На «Жизнь лирического жанра» он отозвался так: «Книгу Вашу прочитал с большим интересом, удовольствием и радостью за Вас. Вы написали основательное, солидное исследование. В нем все необыкновенно добротно и, как правило, убедительно, академично без излишнего академизма, научно без тени наукообразности и ненужных претензий в духе “новейших” методов. На полях подаренного Вами экземпляра я частенько не мог удержаться, чтобы не сделать во время чтения пометок вроде “хорошо!”, “молодец!” и т. п. Возникали порой и отдельные вопросы, но отнюдь не затрагивающие, так сказать, основ Вашей книги. Короче говоря, поздравляю с этим новым творческим свершением».
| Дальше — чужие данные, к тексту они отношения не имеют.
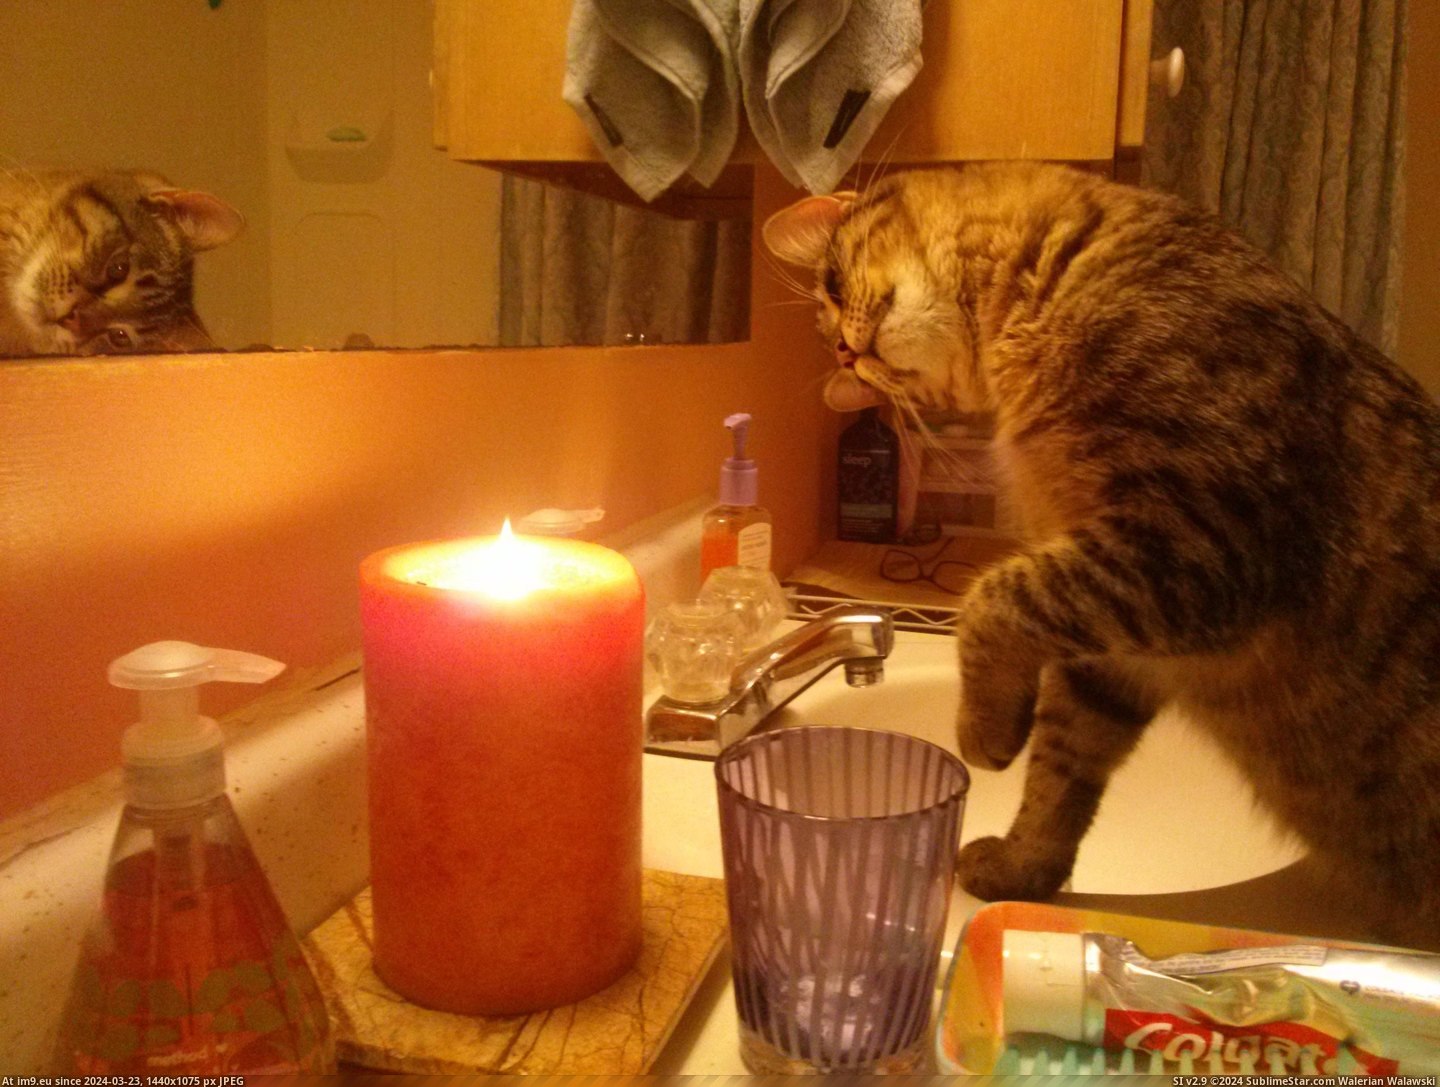 #Kitty #Learning #Fire [Aww] My kitty is learning about fire Pic. (Bild von album My r/AWW favs))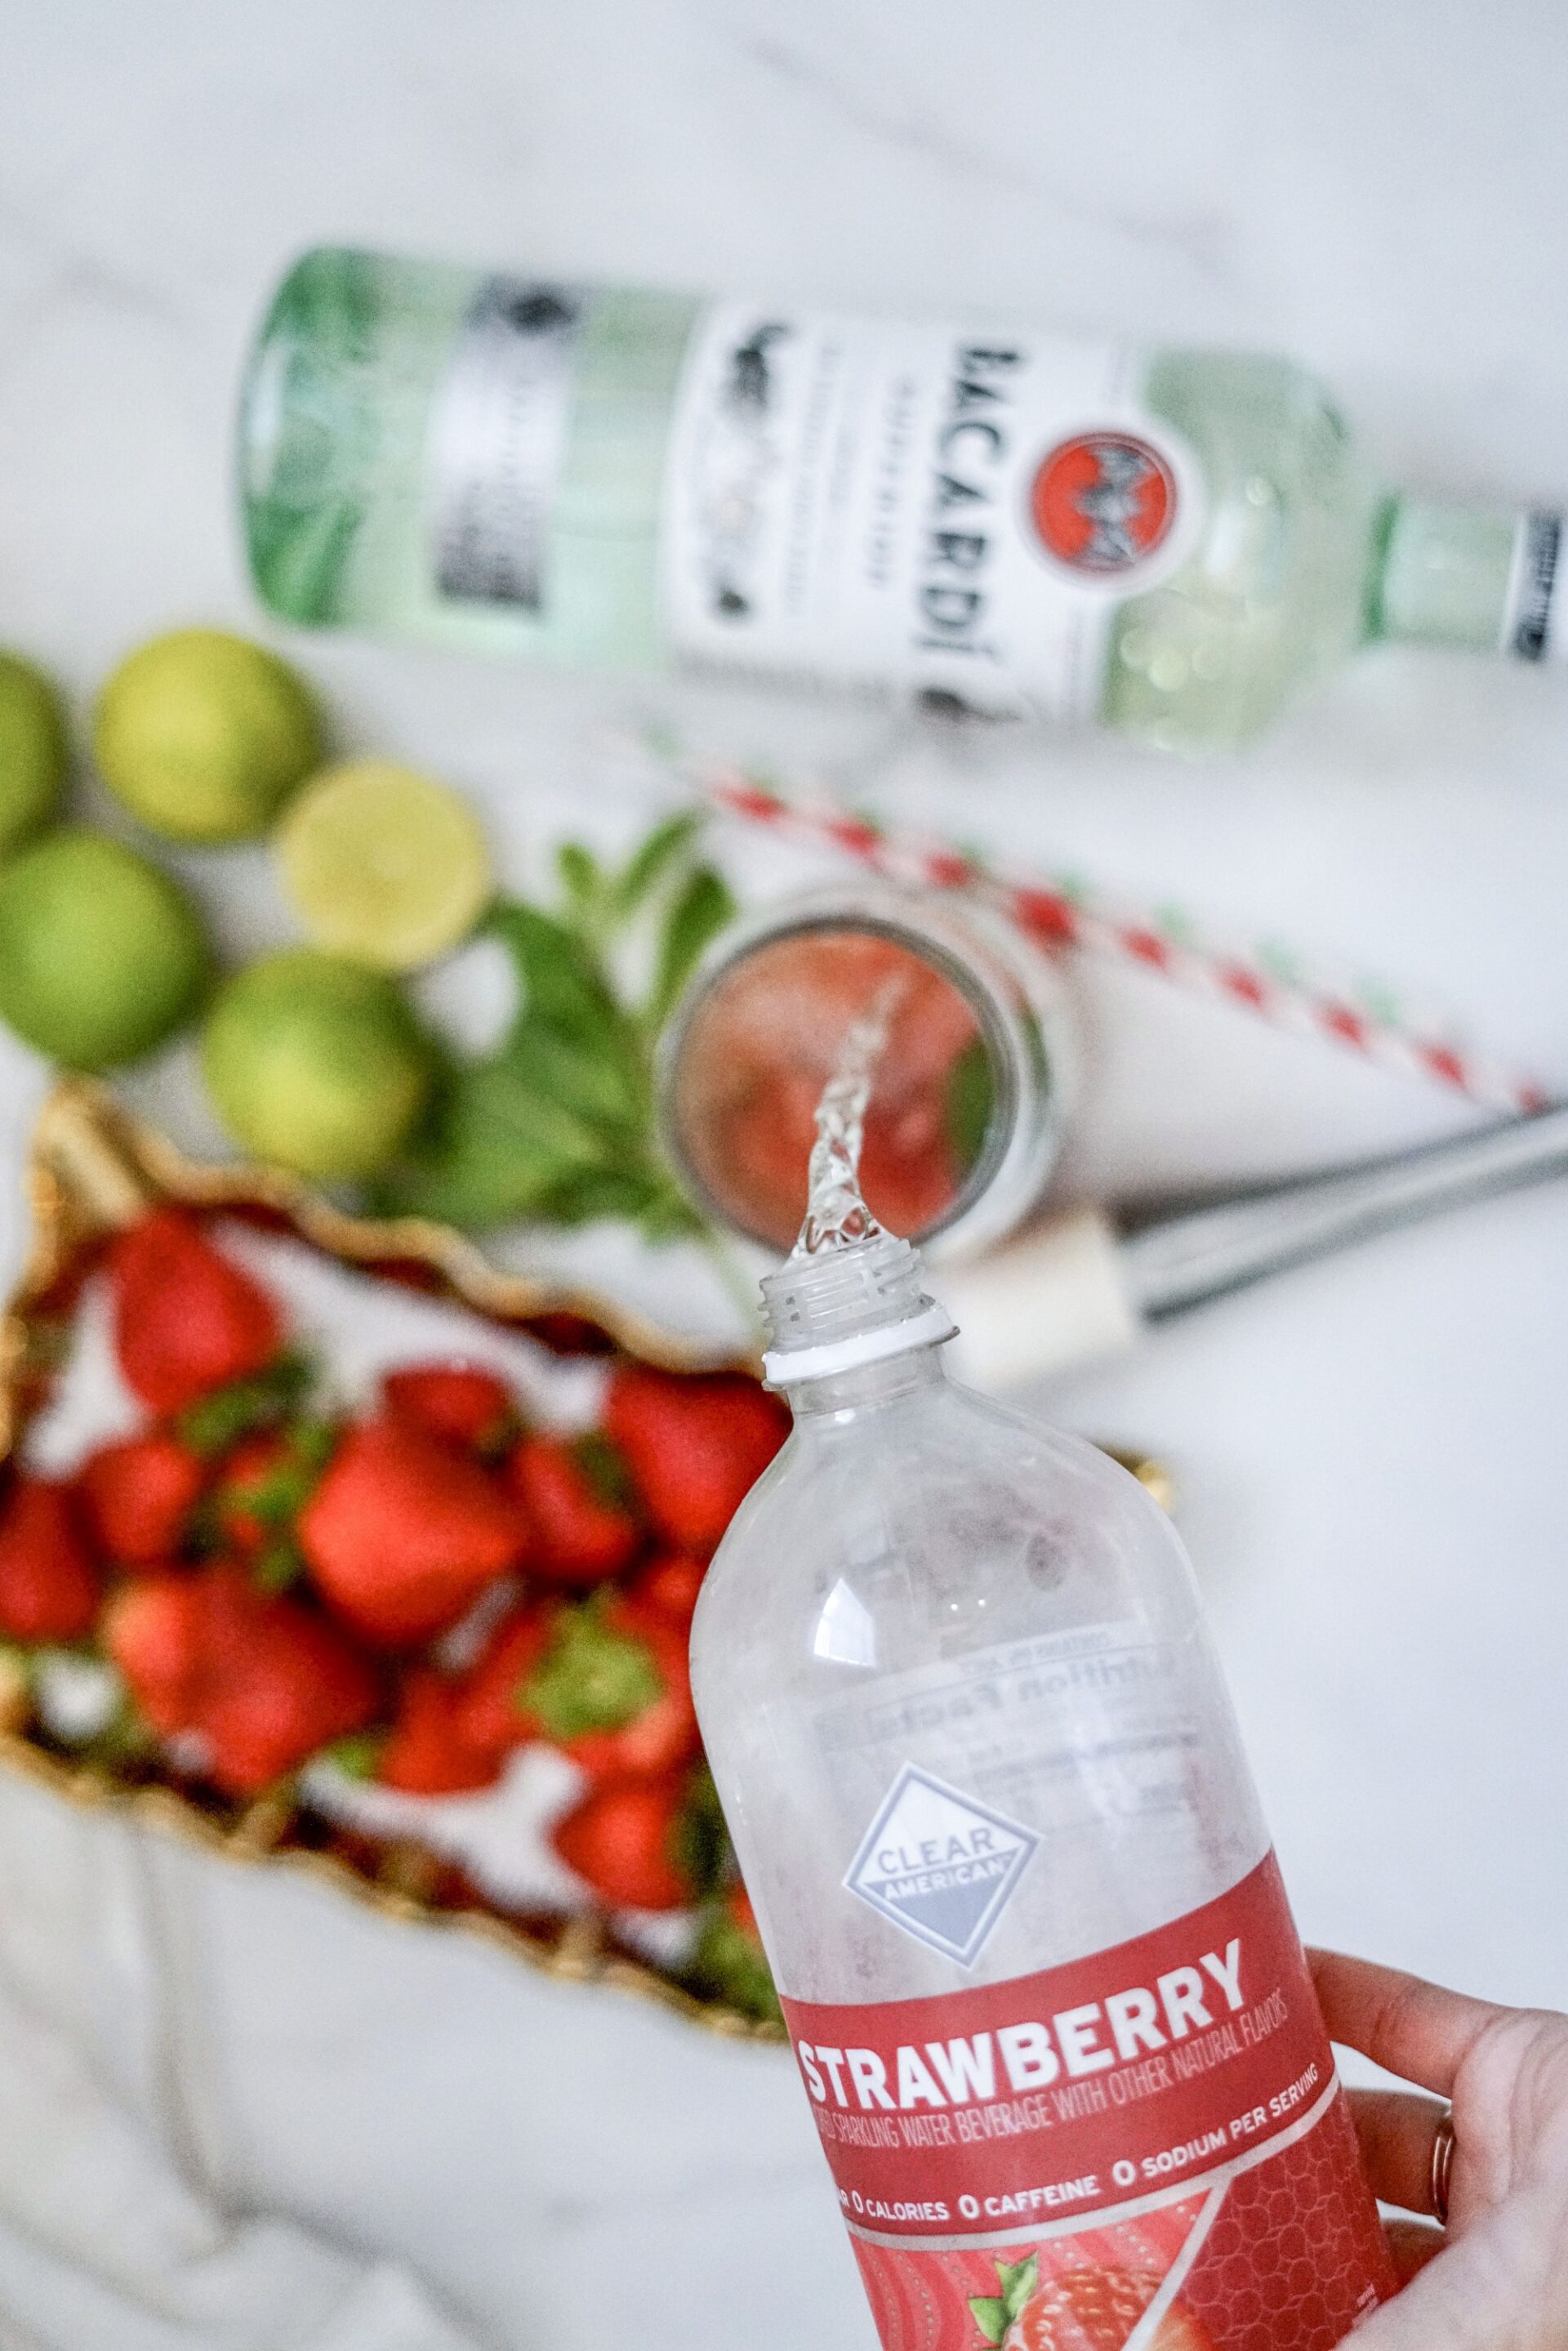 Pouring strawberry sparkling water into a glass.

«Поэзия декабристов» вызвала такой отклик: «По-моему, Вы просто не умеете писать плохо. И на этот раз, несмотря на заданные жанровые рамки, обязывающие к популярности, брошюра получилась добротной, дельной, содержательной и во многом свежей по подходу к материалу, его освещению, компоновке, акцентированию и пр.».
А вот отрывок из письма, полученного после выхода «Дум» Рылеева: «Еше раз и еще раз убеждаюсь, какой Вы неутомимый труженик и энергичный исследователь сокровищ русской поэзии I пол. XIX столетия. Я просмотрел, а местами прочитал (особенно Вашу статью) всю книгу и должен сказать, что все сделано на высшем, действительно академическом уровне. Книгой, выпущенной в авторитетнейшей серии “Литературные памятники”, Вы, помимо прочего, воздвигли памятник и себе. В статье Вашей дана по-настоящему глубокая трактовка полемики современников вокруг “Дум” Рылеева, об их жанровой природе, о сущности и причинах разногласий в оценке самих дум, об их месте в развитии русской романтической поэзии etc.».
Из письма, полученного после выхода книги «Декабристы и русская литература»: «Книга получилась в высшей степени своеобразной и содержательной. Это своего рода энциклопедия обширнейшей самой по себе темы “декабристы и русская литература”. Какая уйма самых разнородных фактов – известных, малоизвестных, впервые вводимых в научный оборот! И все это рассмотрено строго аналитически, связно и по-настоящему концептуально. Подлинная академичность сочетается у тебя с живостью и простотой изложения, чуждого и тени наукообразия, подлинный историзм – с современной ненарочитой злободневностью в рассмотрении поднимаемых историко-литературных проблем».